First, we need to convert the amount of rain from centimeters to meters. We are given that 1.00 cm of rain falls during the storm. We know that 1 cm = 0.01 m. So, we can convert it as: $$ 1.00 \mathrm{~cm} \times \frac{1 \mathrm{~m}}{100 \mathrm{~cm}} = 0.0100 \mathrm{~m} $$

Next, we need to determine the volume of rain falling onto the roof during the storm. We can find this by multiplying the area of the roof by the amount of rain that falls: $$ \mathrm{Volume} = \mathrm{Area} \times \mathrm{Height} $$ $$ \mathrm{Volume} = 100 \mathrm{~m^2} \times 0.0100 \mathrm{~m} = 1.00 \mathrm{~m^3} $$

To find the mass of the rain, we need to consider the density of water, which is approximately \(1000 \mathrm{~kg/m^3}\). We can use the density formula to find the mass of the rain: $$ \mathrm{Density} = \frac{\mathrm{Mass}}{\mathrm{Volume}} $$ $$ 1000 \mathrm{~kg/m^3} = \frac{\mathrm{Mass}}{1.00 \mathrm{~m^3}} $$ Solving for Mass, $$ \mathrm{Mass} = 1000 \mathrm{~kg/m^3} \times 1.00 \mathrm{~m^3} = 1000 \mathrm{~kg} $$

To calculate the average force exerted, we need to know the time interval of the rain in seconds. The problem states that the rain lasts 30.0 minutes, equivalent to 1800 seconds.

As the rain falls onto the roof, its velocity goes from the terminal velocity to 0. Therefore, the change in momentum can be found using the relationship: $$ \Delta P = m \times \Delta v $$ $$ \Delta P = 1000 \mathrm{~kg} \times (0 \mathrm{~m/s} - 5.00 \mathrm{~m/s}) $$ $$ \Delta P = -5000 \mathrm{~kg \cdot m/s} $$ The negative sign indicates that the momentum is directed towards the roof.

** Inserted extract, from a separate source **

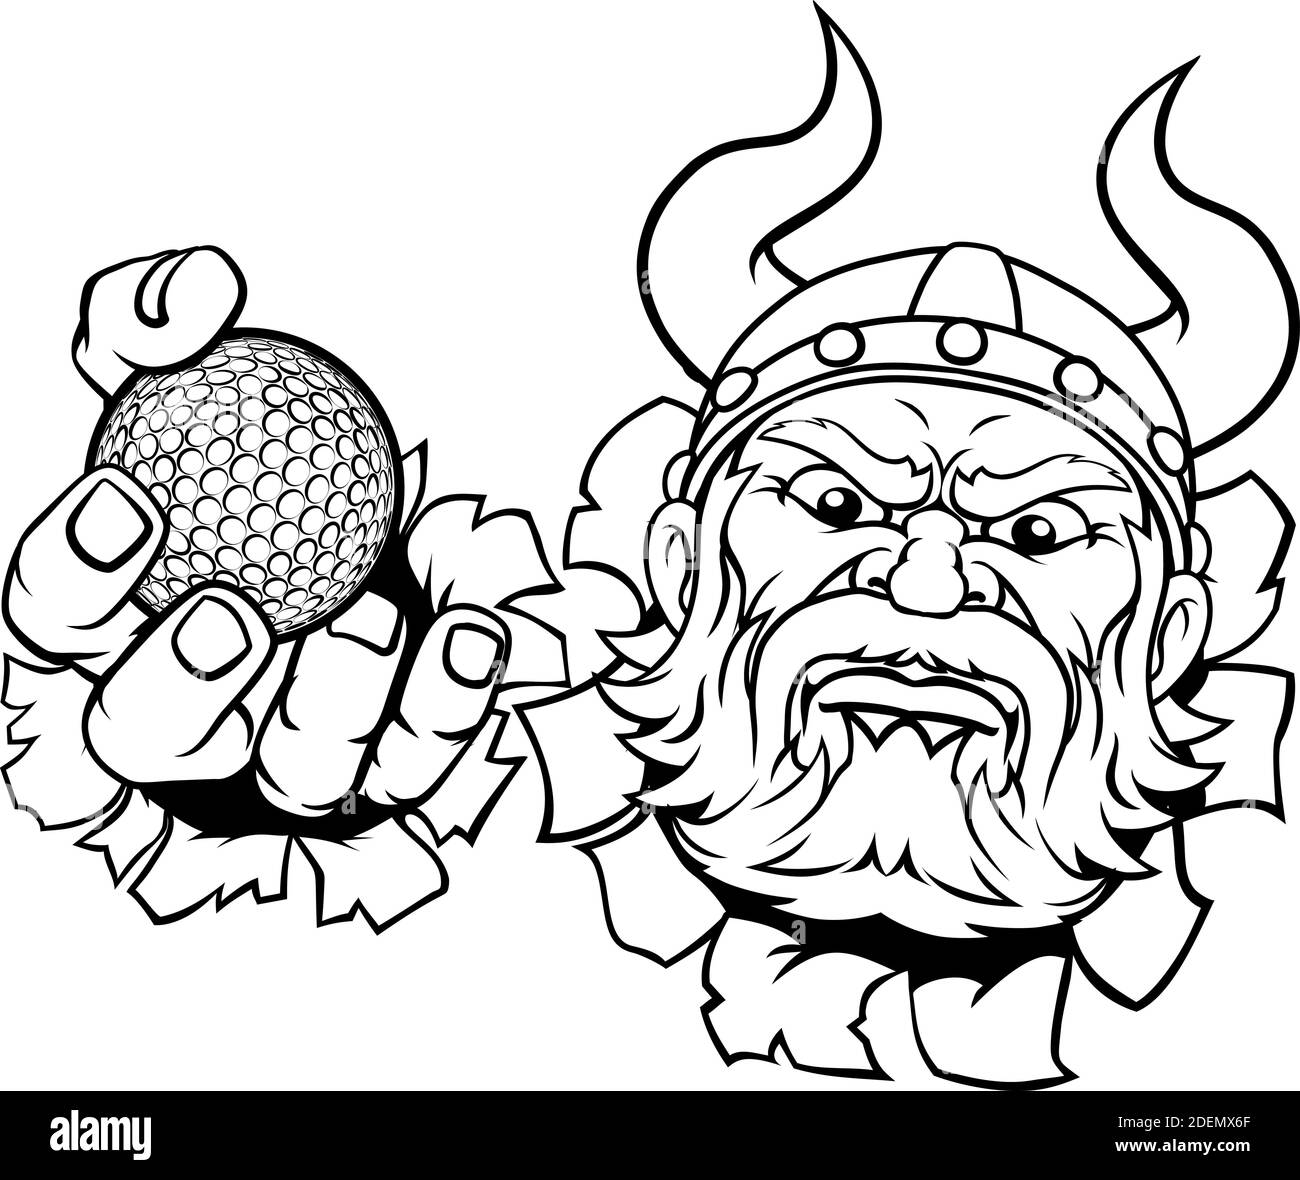 Viking Golf ball Sports Mascot Cartoon Illustration de Vecteur
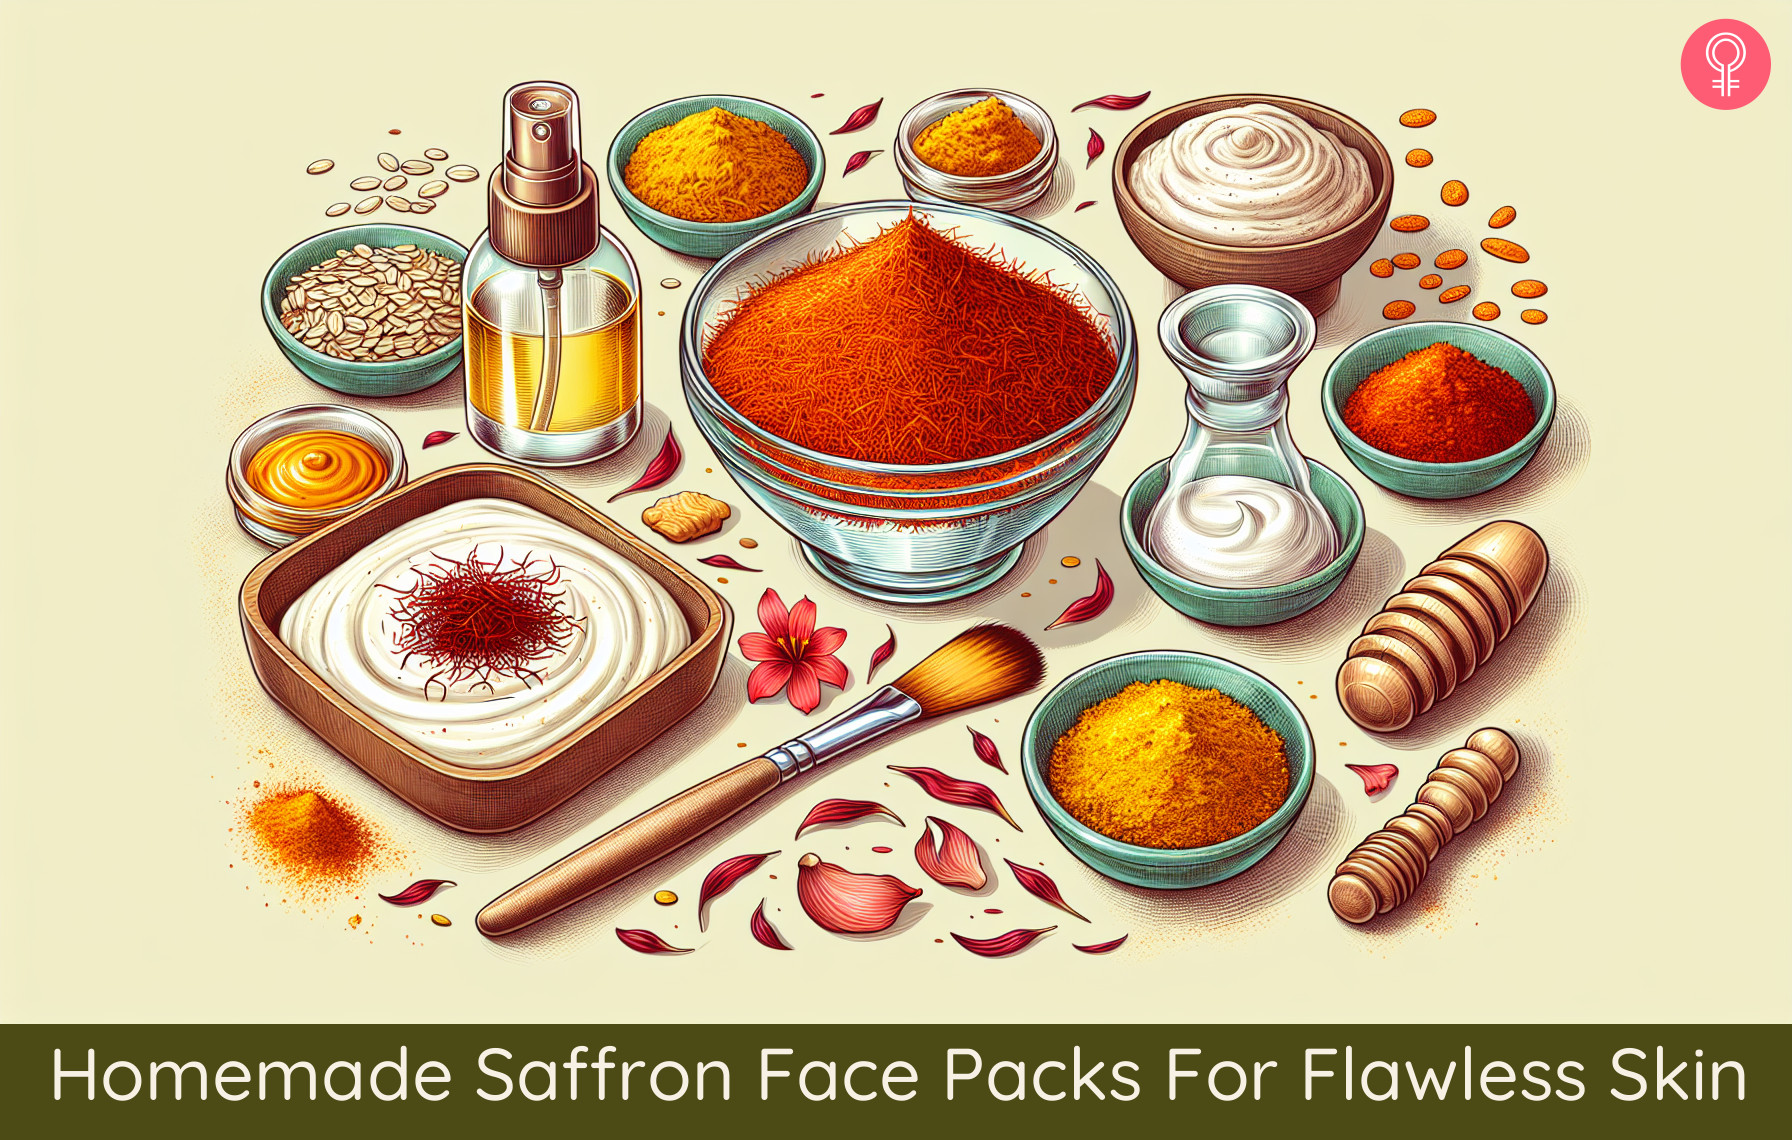 saffron face packs for flawless skin_illustration

Finally, we can calculate the average force exerted on the roof using the relationship: $$ F_{avg} = \frac{\Delta P}{\Delta t} $$ $$ F_{avg} = \frac{-5000 \mathrm{~kg \cdot m/s}}{1800 \mathrm{~s}} $$ $$ F_{avg} = -2.78 \mathrm{~N} $$ The negative sign indicates the force is directed downwards, which is the force exerted on the roof by the rain during the storm. So, the average force exerted on the roof by the rain during the storm is 2.78 N downward.